▶ **WORK TO COMPLETE**
Return only the lines below starting at the line containing "When This ‘Hillbilly’" and ending at the line containing "Wilklife Throw Pillow", both included, exactly as they are and with no pictures.

▶ **ENTRIES PROVIDED**
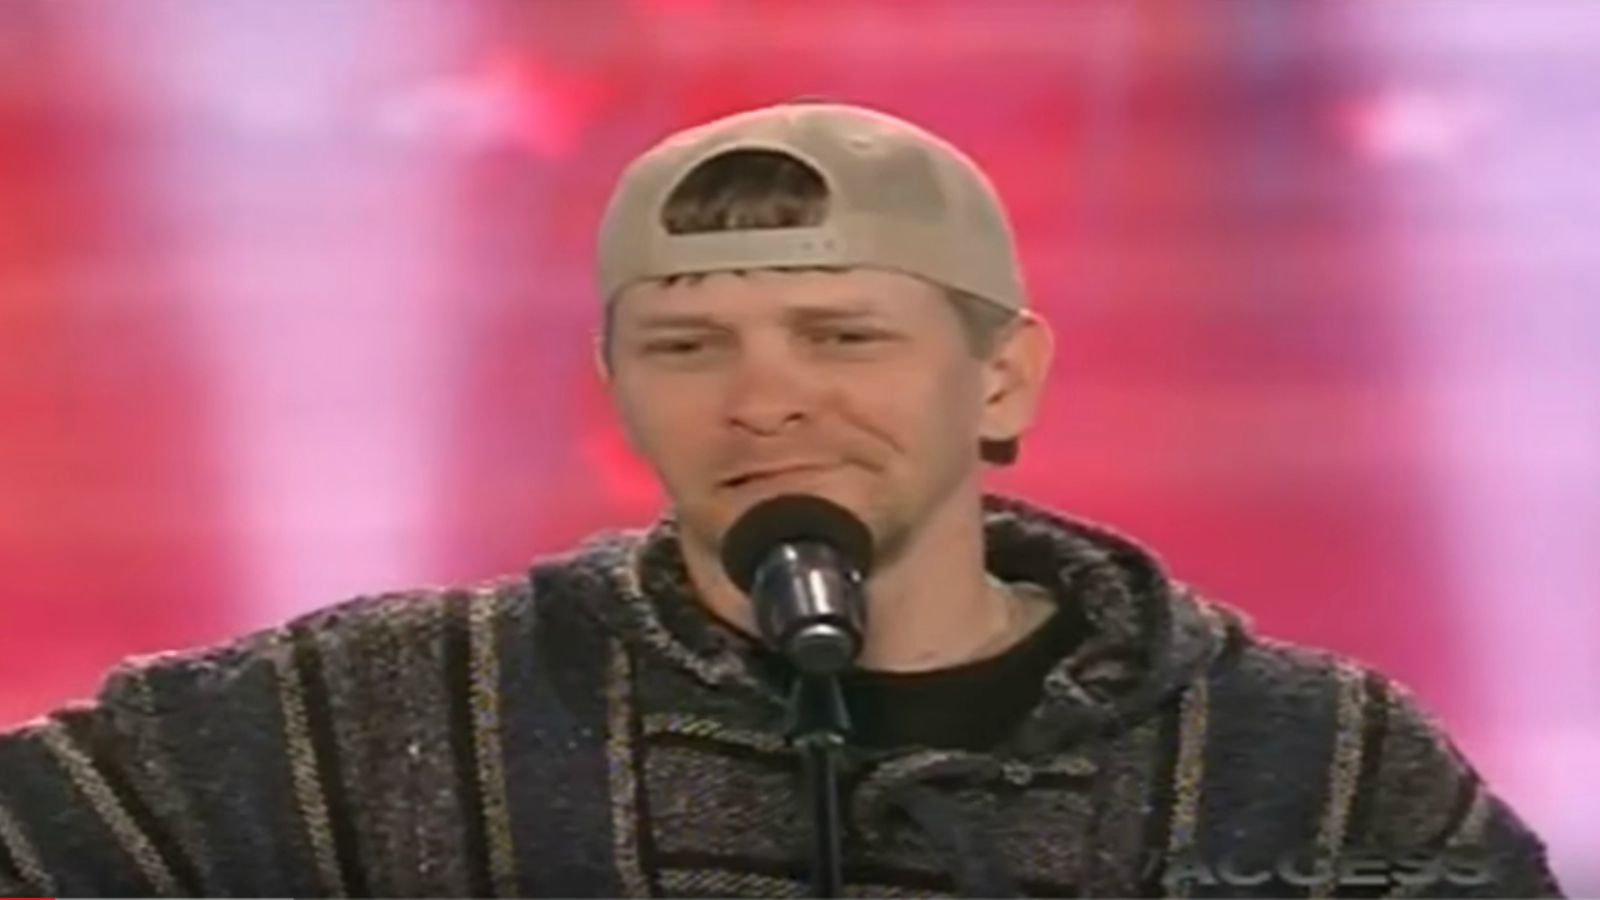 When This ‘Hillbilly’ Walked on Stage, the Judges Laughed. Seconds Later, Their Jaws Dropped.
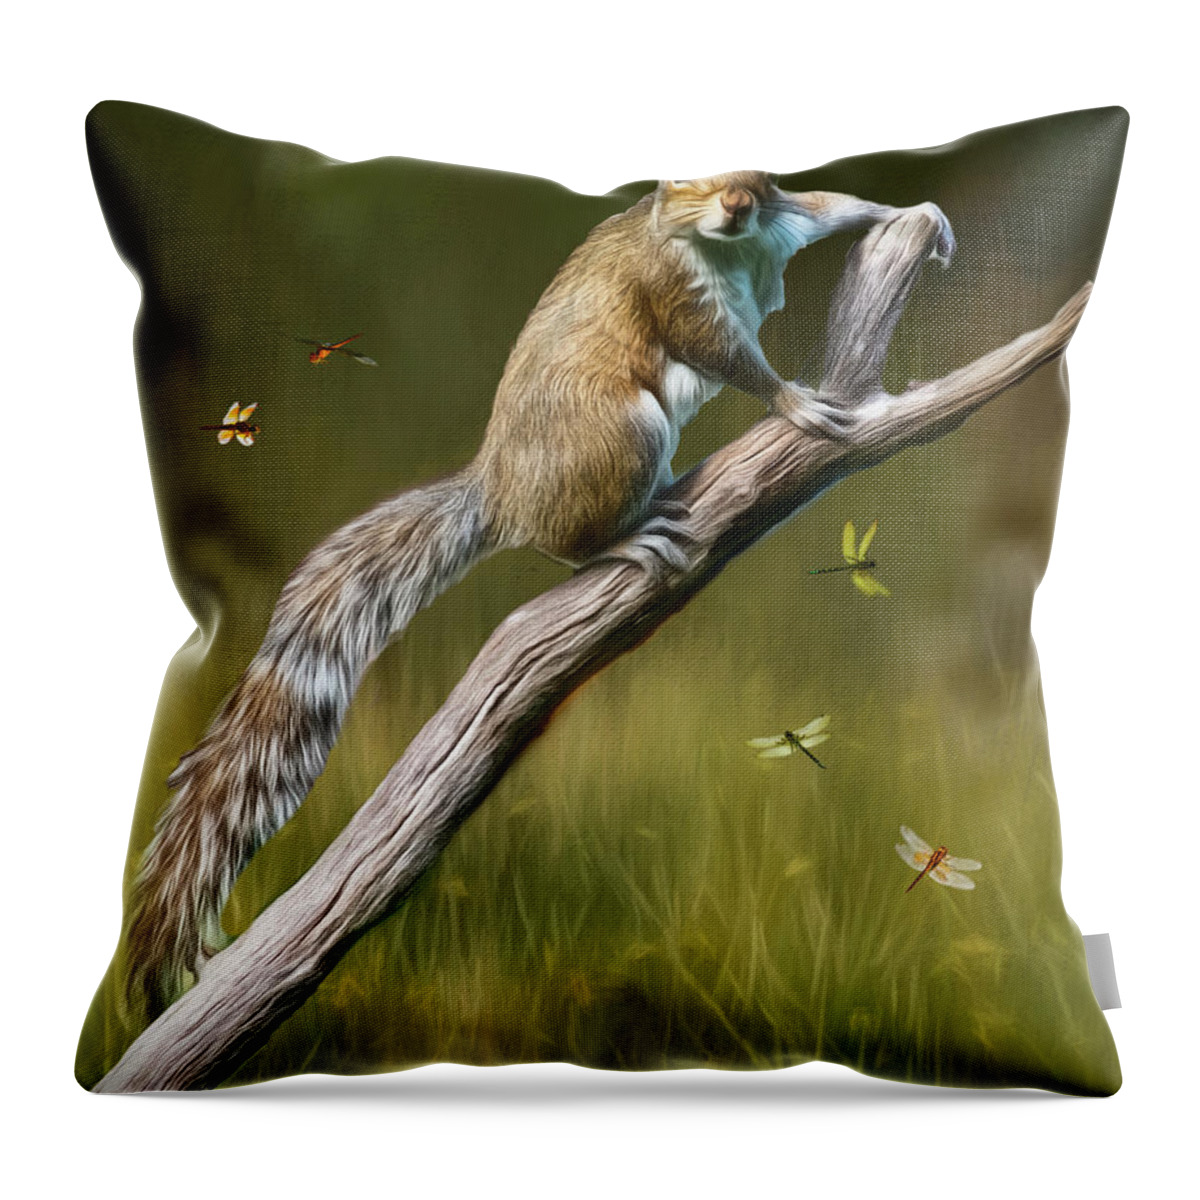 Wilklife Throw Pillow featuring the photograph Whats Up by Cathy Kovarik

--

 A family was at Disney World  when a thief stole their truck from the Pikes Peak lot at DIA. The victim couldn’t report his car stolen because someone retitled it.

▶ **OUTPUT BELOW**
 When This ‘Hillbilly’ Walked on Stage, the Judges Laughed. Seconds Later, Their Jaws Dropped.
 Wilklife Throw Pillow featuring the photograph Whats Up by Cathy Kovarik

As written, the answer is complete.